Firman Allah, ‘وَذَرُوا الَّذِينَ يُلْحِدُونَ فِي أَسْمَائِهِ سَيُجْزَوْنَ مَا كَانُوا يَعْمَلُونَ’ yakni sebagai balasan dan siksaan atas penyimpangan terhadap nama-nama-Nya.

Hakekat penyimpangan adalah, penyelewangan dari apa yang seharusnya dijadikan. Bisa dengan memberi nama yang tidak layak sebagaimana penamaan orang-orang musyrik kepada Tuhannya. Atau dengan meniadakan arti dan membelokkannya dengan menjadikan arti yang tidak diinginkan oleh Allah dan Rasul-Nya. Atau dengan menyerupakan dengan lainnya. Maka seharusnya berhati-hati dari penyimpangan itu. dan mengingatkan terhadap orang yang menyimpang. Tafsir As-Sa’di, 309 dengan ringkasan. Silahkan dilihat kitab ‘Badai’ AL-Fawaid, 1/179. ‘Al-Qawaid A;-Mutsla, karangan Ibnu Utsaimin, 25-26.

Dari situ jelas, bahwa Allah memiliki nama-nama yang tidak layak untuk lainnya. Dan penggunaan secara umum nama-nama ini kepada salah satu makhluk-Nya termasuk penyimpangan pada nama-nama-Nya. Yang mana pelakunya berhak mendapatkan balasan di sisi Tuhannya nanti pada hari kiamat.

Kedua,

Nama dan sifat Allah Ta’ala, meskipun khusus untuk-Nya Subhana dari sisi makna, dimana tidak sama sedikitpun dengan makhluk-Nya. Bahkan apa yang telah ditetapkan sangat layak untuk ketinggian uluhiyyah dan keagungan rububiyahnya. Sebagaiamana apa yang telah ditetapkan untuk makhluk layak pada kondisi ubudiyahnya. Meskipun begitu, dalam ajaran agama telah ada penamaan untuk Allah Ta’ala nama dan sifatnya, secara umum digunakan untuk sebagian makhluk-Nya. Hal ini hanya sekedar dari sisi lafadz dan nama saja. Kalau tidak, apa yang disandarkan kepada Allah Ta’ala, khusus untuk-Nya. Tidak ada sekutu satupun dari makhluk-Nya. Sebagaimana yang disandarkan kepada hamba, maka khusus untuknya yang layak sesuai kondisinya.

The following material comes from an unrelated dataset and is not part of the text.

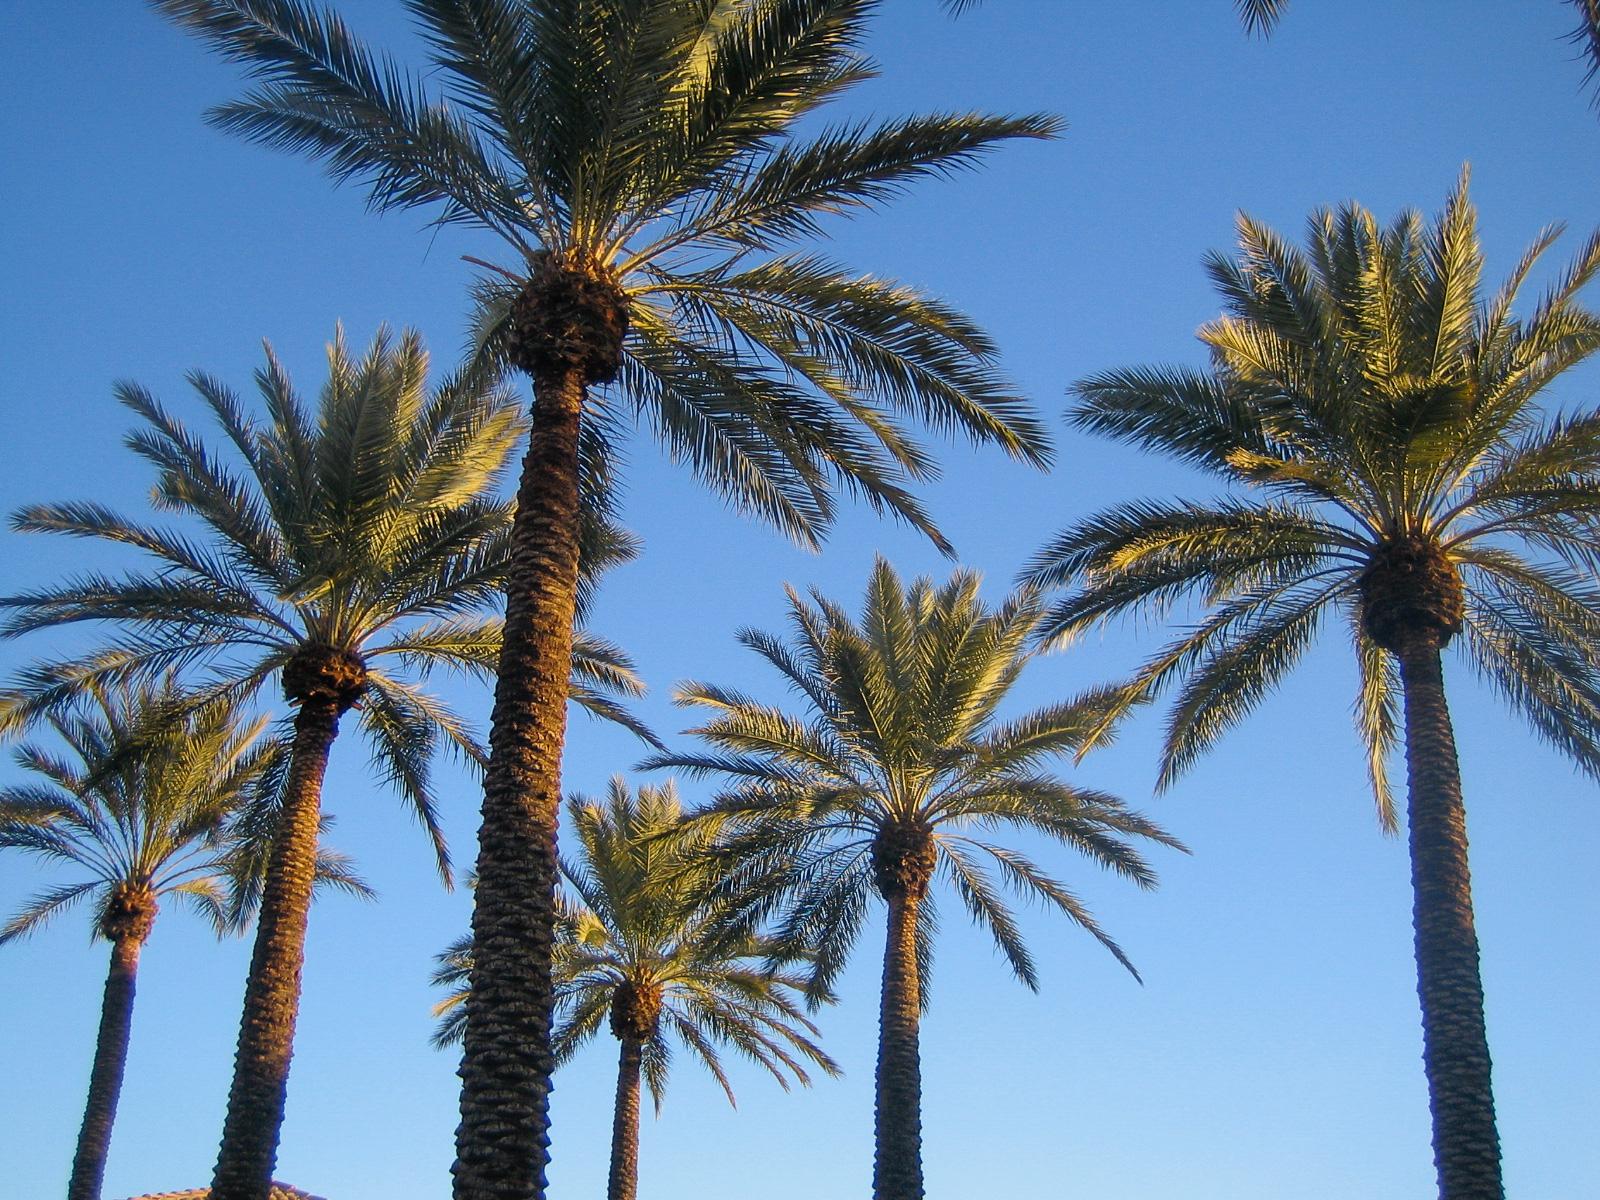 Erst nach dem Sonnenaufgang entwickeln die Palmen von Scottsdale ihre volle Wirkung

Syeikhul Islam Ibnu Taimiyah rahimahullah berkata, ‘Oleh karena itu Allah menamai diri-Nya dengan nama. Dan menamai sifat-Nya dengan nama. Nama-nama itu khusus bagi-Nya ketika disandarkan kepada-Nya. Tidak ada sekutu selain dari-Nya. Dan sebagian makhluk dinamakan dengan nama-nama yang khusus untuknya, disandarkan kepadanya. Terkadang nama-nama itu sama ketika tidak disandarkan dan dikhususkan. Kesamaan dua nama dan yang dinamai, serta kesatuan ketika dibiarkan secara umum dan dihilangkan dari sandaran serta kekhususan. Itu (tidak harus) sama pada keduanya. Dan yang dinamai tidak sama ketika tidak  disandarkan dan dikhususkan. Apalagi ketika kedua nama tersebut disandarkan dan dikhususkan.

Allah telah menamai dirinya dengan ‘Hayyan (Yang Maha Hidup)’ dalam Firman-Nya,

{ الله لا إله إلا هو الحي القيوم }

“Allah, tidak ada Tuhan (yang berhak disembah) melainkan Dia Yang Hidup kekal lagi terus menerus mengurus (makhluk-Nya).’ SQ. Al-Baqarah: 255.

Dan sebagian makhluk dinamai dengan ‘Hayyan’ seperti dalam firman-Nya:

{ يخرج الحي من الميت ويخرج الميت من الحي }

“Dia mengeluarkan yang hidup dari yang mati dan mengeluarkan yang mati dari yang hidup.’ SQ. Ar-Rum: 19.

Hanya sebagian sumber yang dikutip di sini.